## Dataset extract
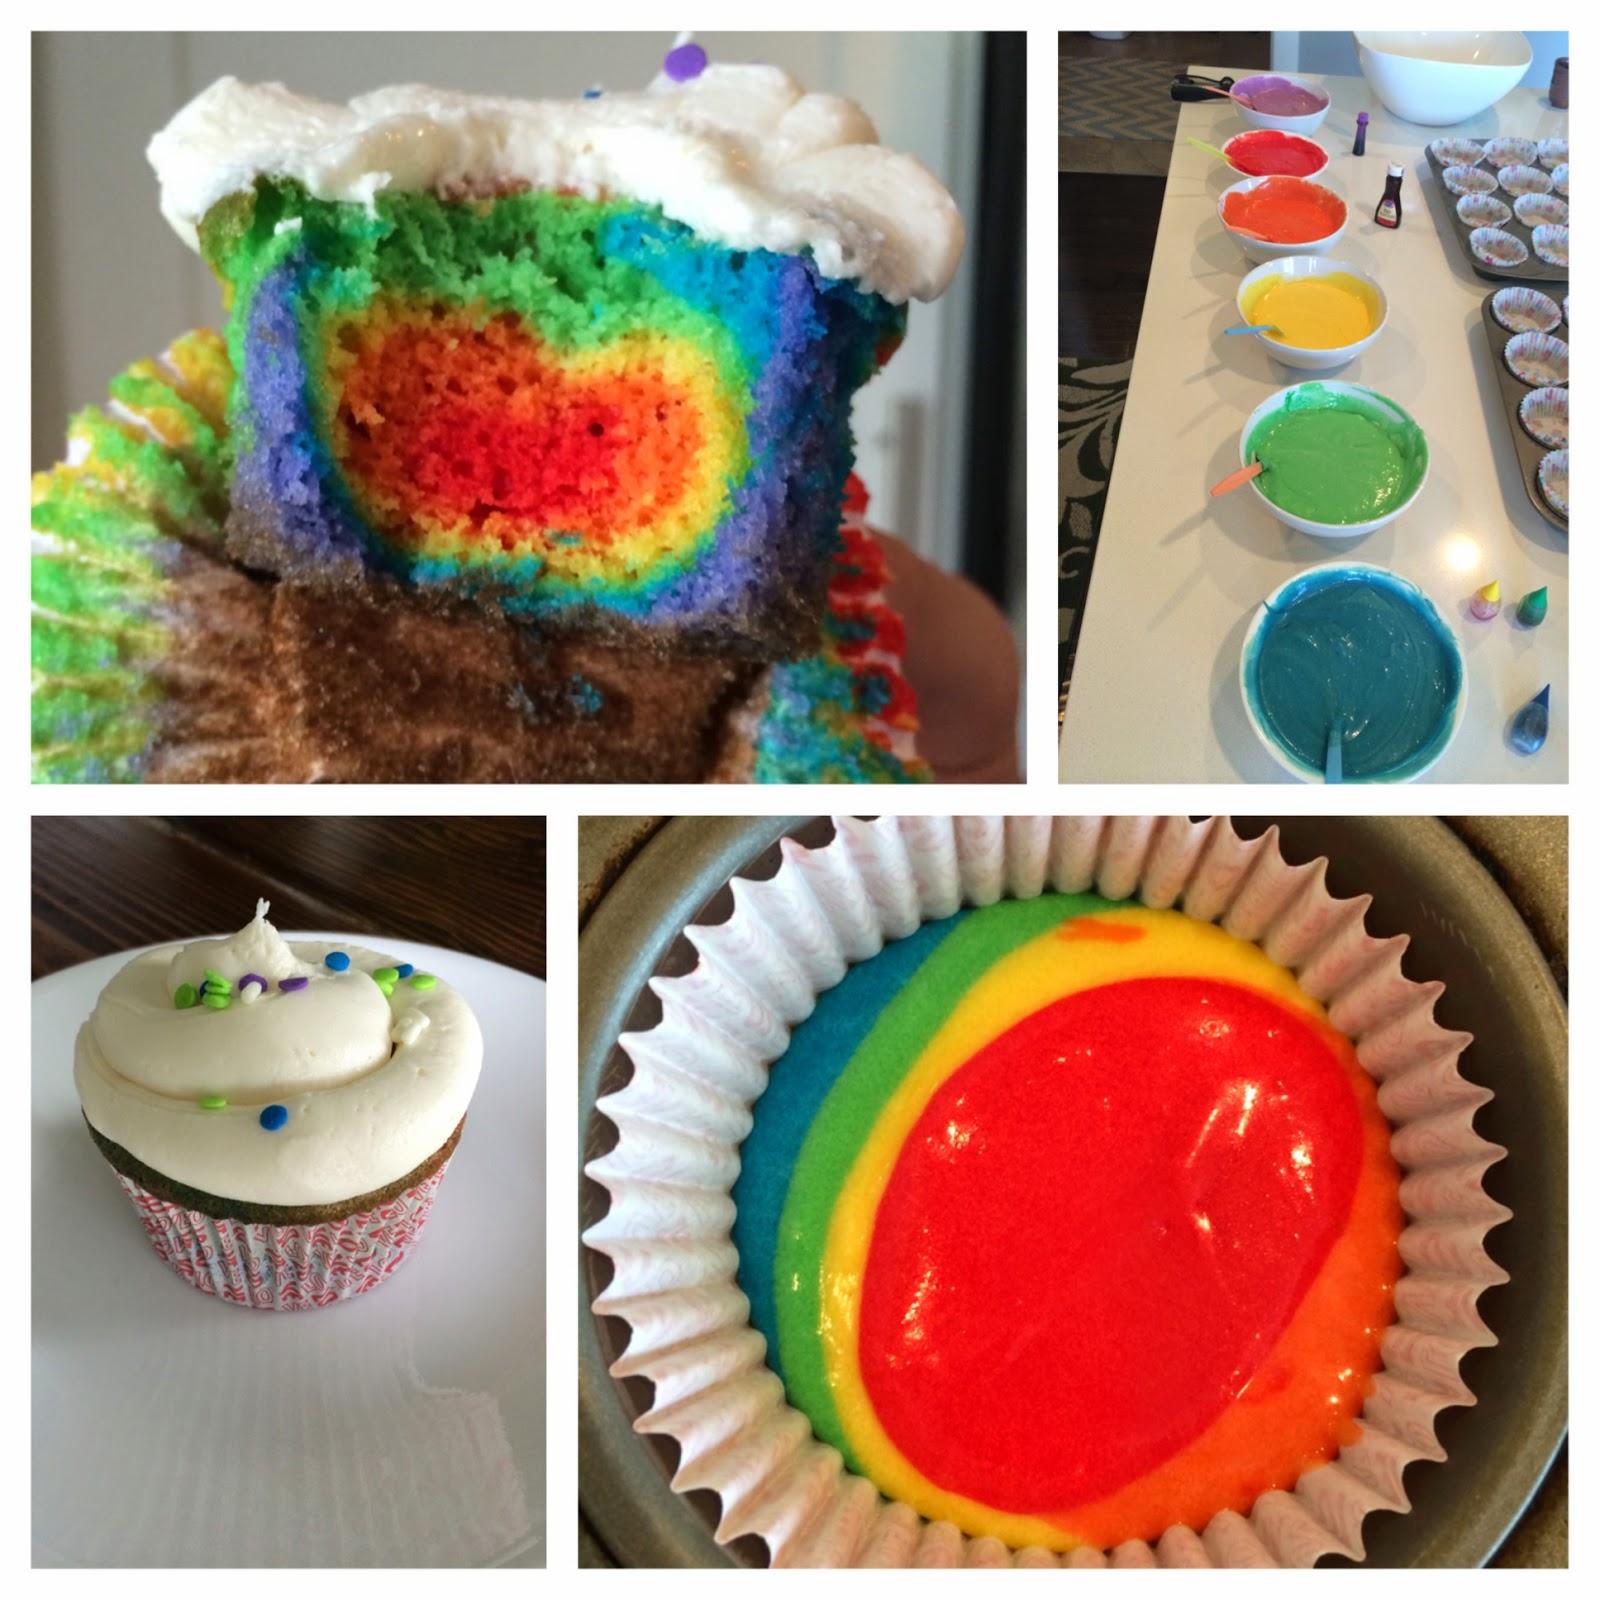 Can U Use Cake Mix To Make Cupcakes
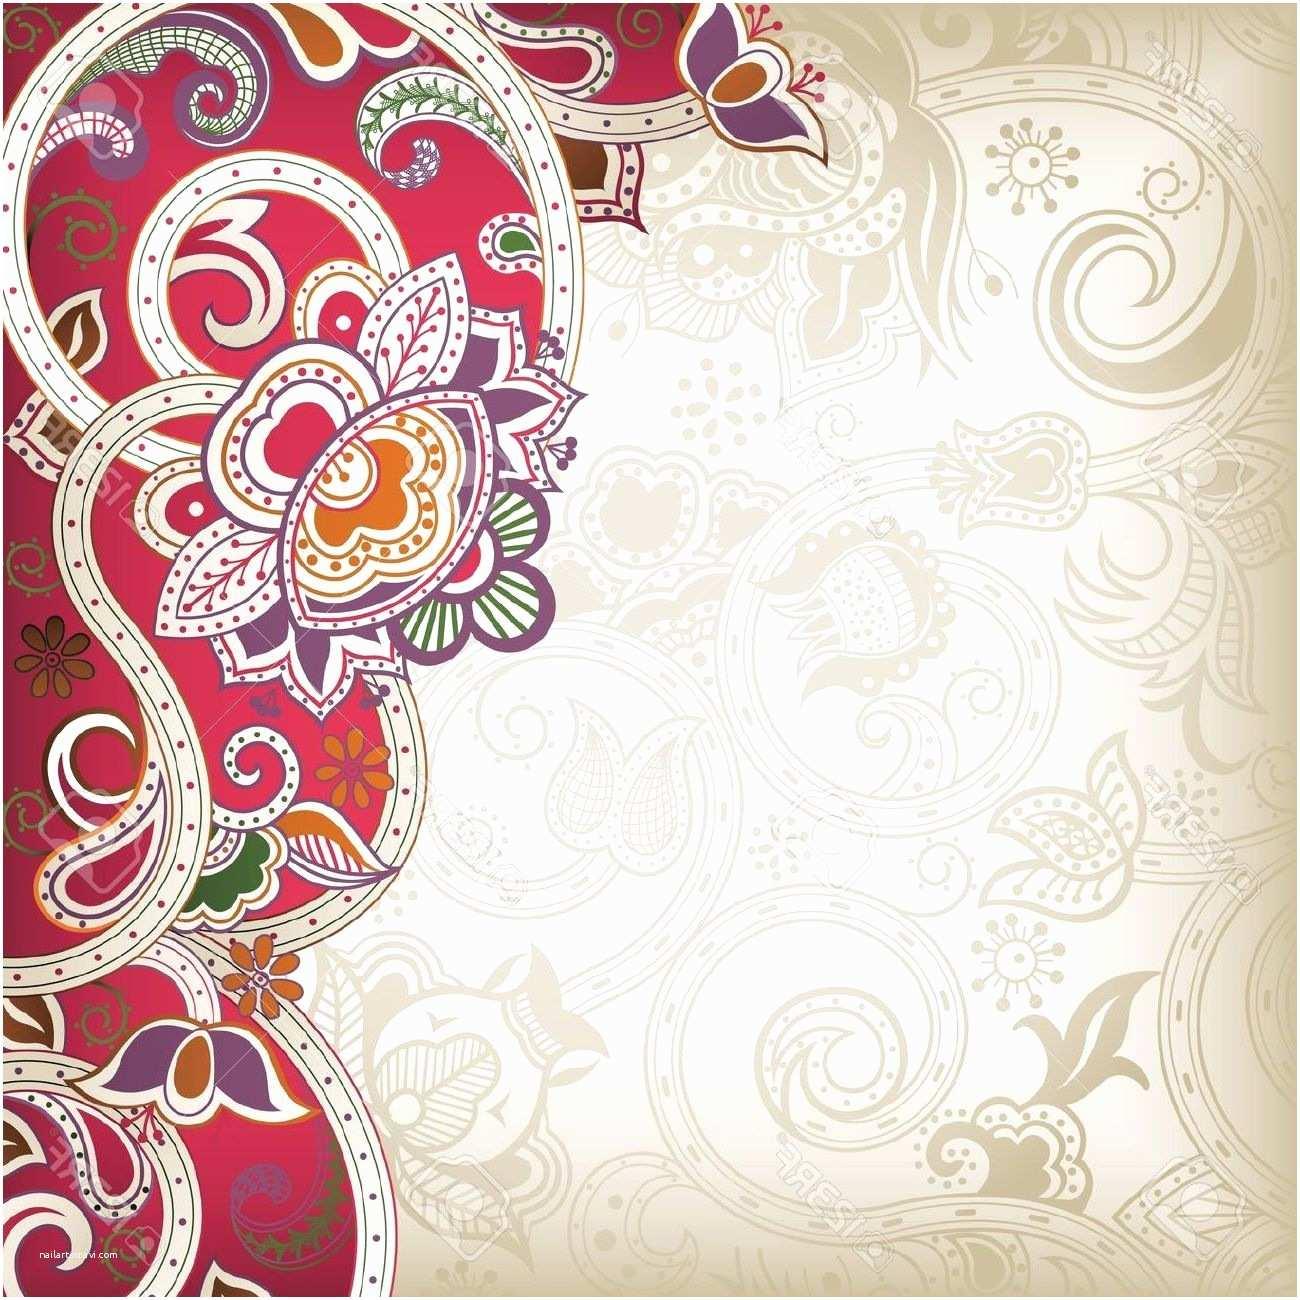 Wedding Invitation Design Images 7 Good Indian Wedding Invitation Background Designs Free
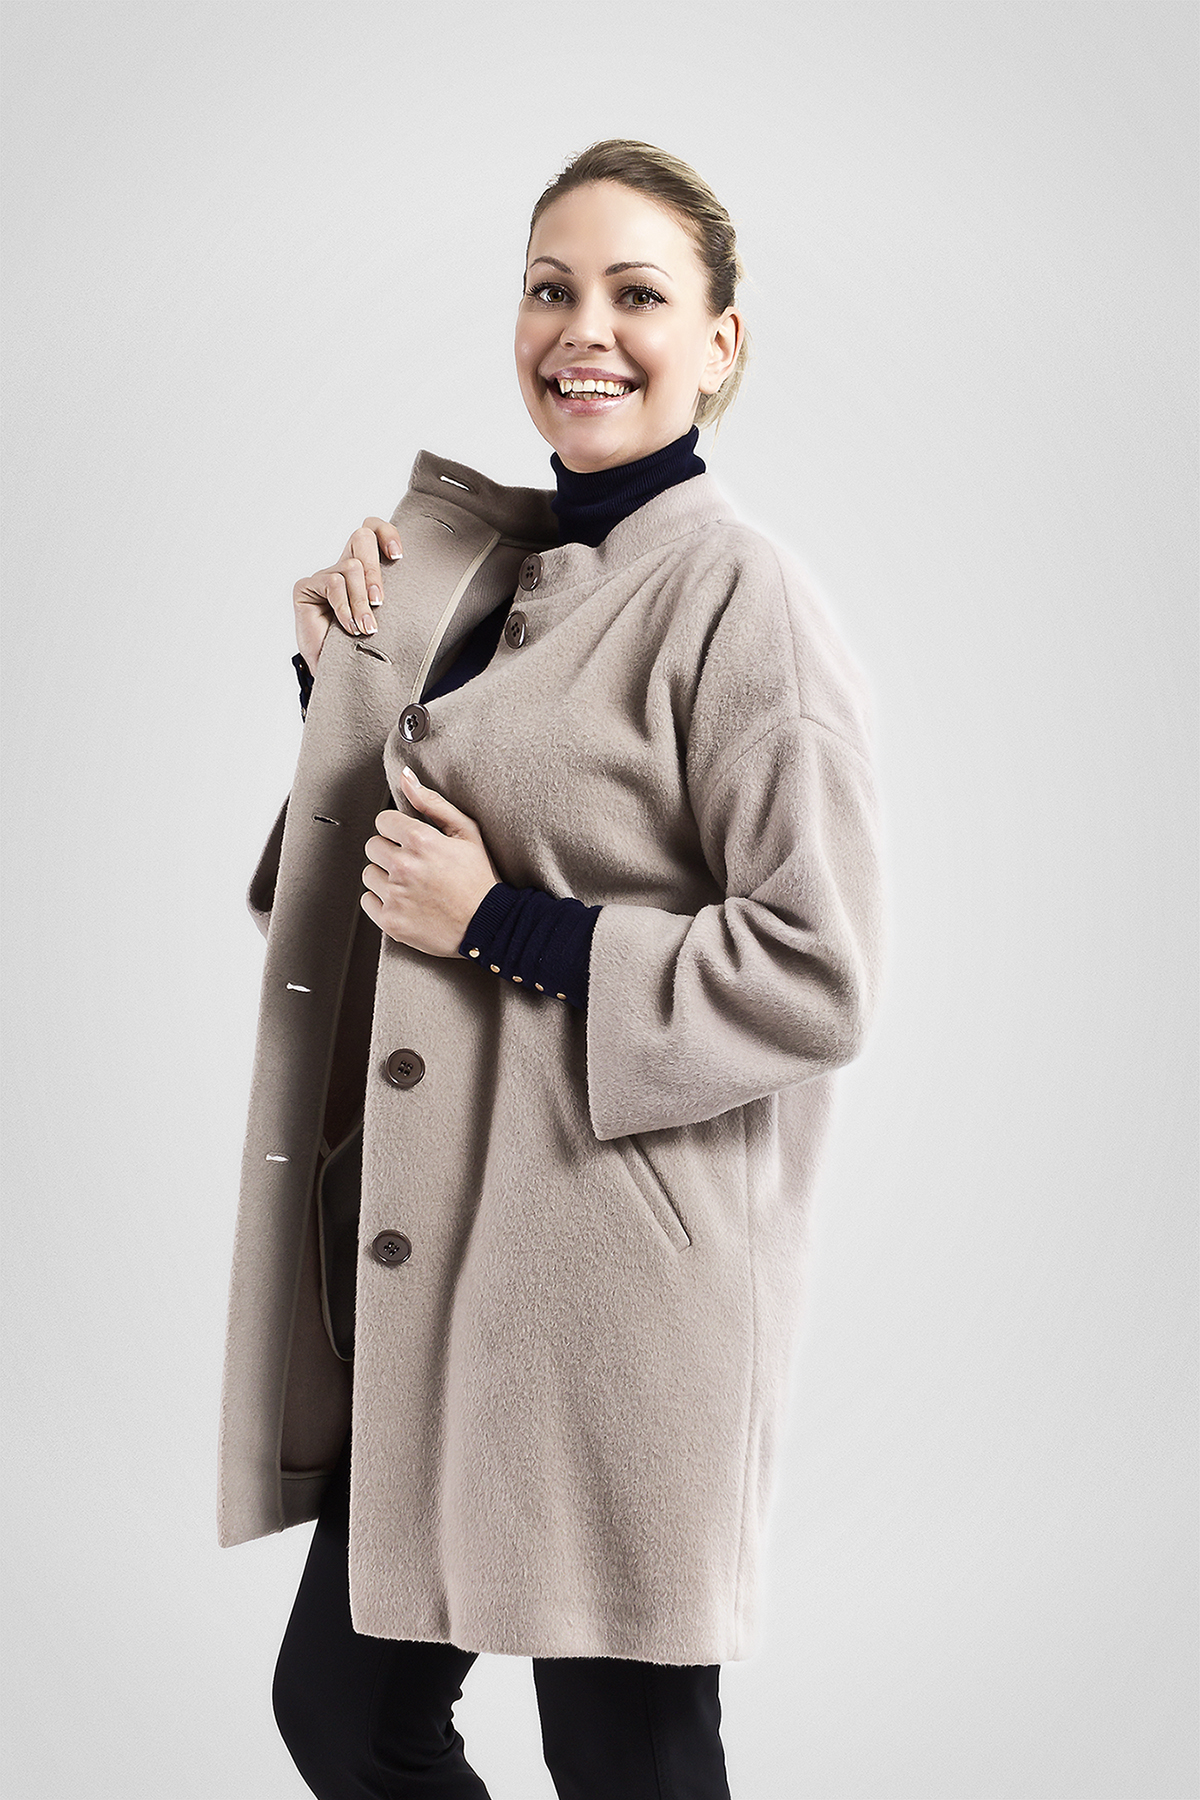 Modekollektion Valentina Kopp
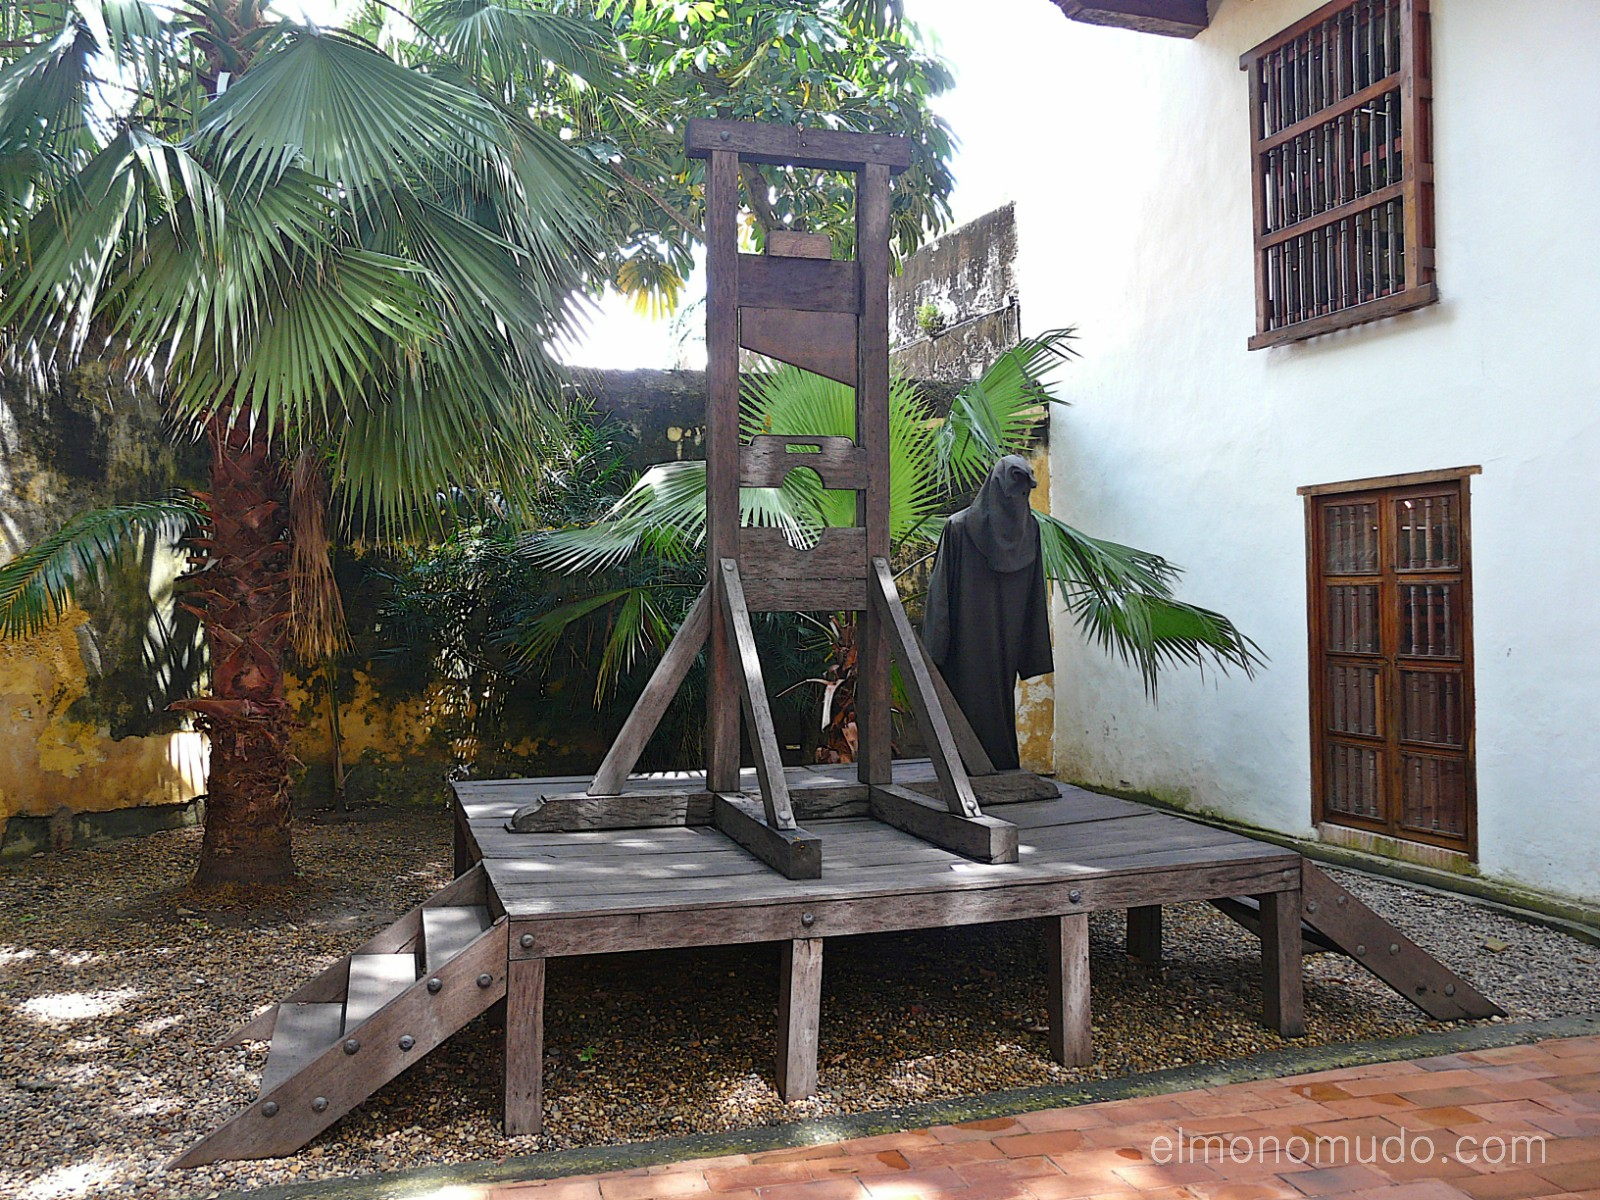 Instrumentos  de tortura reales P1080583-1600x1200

## Work order
Word for word, write out the whole listing, keeping none of the pictures.

## Response box
 Can U Use Cake Mix To Make Cupcakes
 Wedding Invitation Design Images 7 Good Indian Wedding Invitation Background Designs Free
 Modekollektion Valentina Kopp
 Instrumentos  de tortura reales P1080583-1600x1200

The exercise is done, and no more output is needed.